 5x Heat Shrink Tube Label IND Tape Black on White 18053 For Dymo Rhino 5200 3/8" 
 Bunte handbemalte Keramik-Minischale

▬▬▬▬▬▬

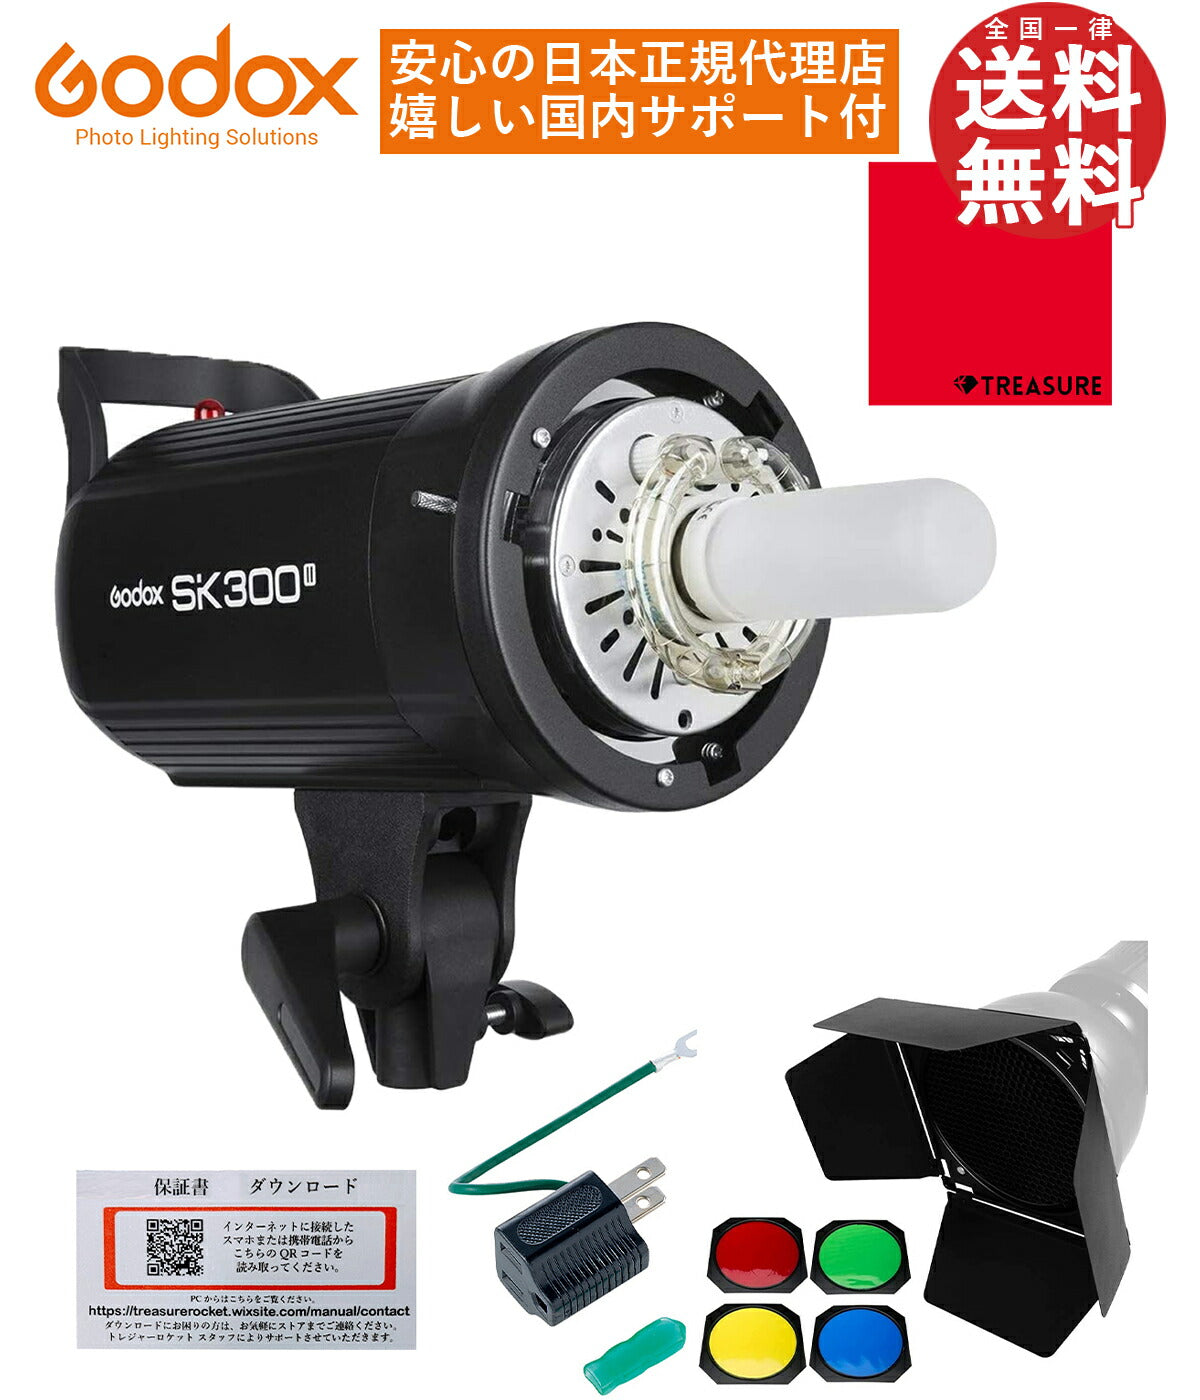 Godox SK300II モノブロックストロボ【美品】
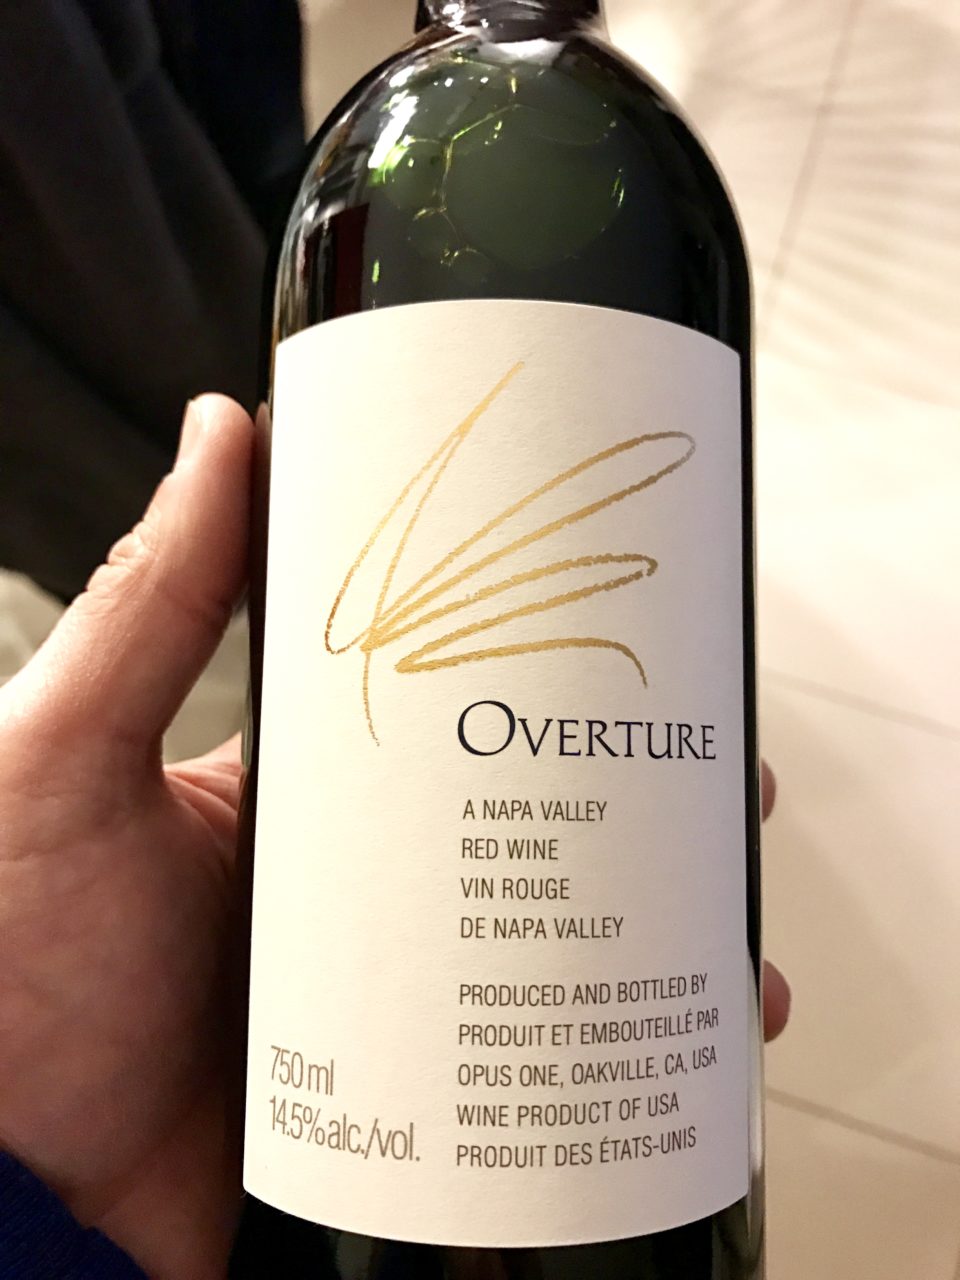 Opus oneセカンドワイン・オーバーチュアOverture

▬▬▬▬▬▬

Activity:
Starting at the line that contains "5x Heat Shrink" and stopping after the line that contains "Bunte handbemalte Keramik-Minischale", write out every line exactly as it appears above, and no other line.

Answer space:
 5x Heat Shrink Tube Label IND Tape Black on White 18053 For Dymo Rhino 5200 3/8" 
 Bunte handbemalte Keramik-Minischale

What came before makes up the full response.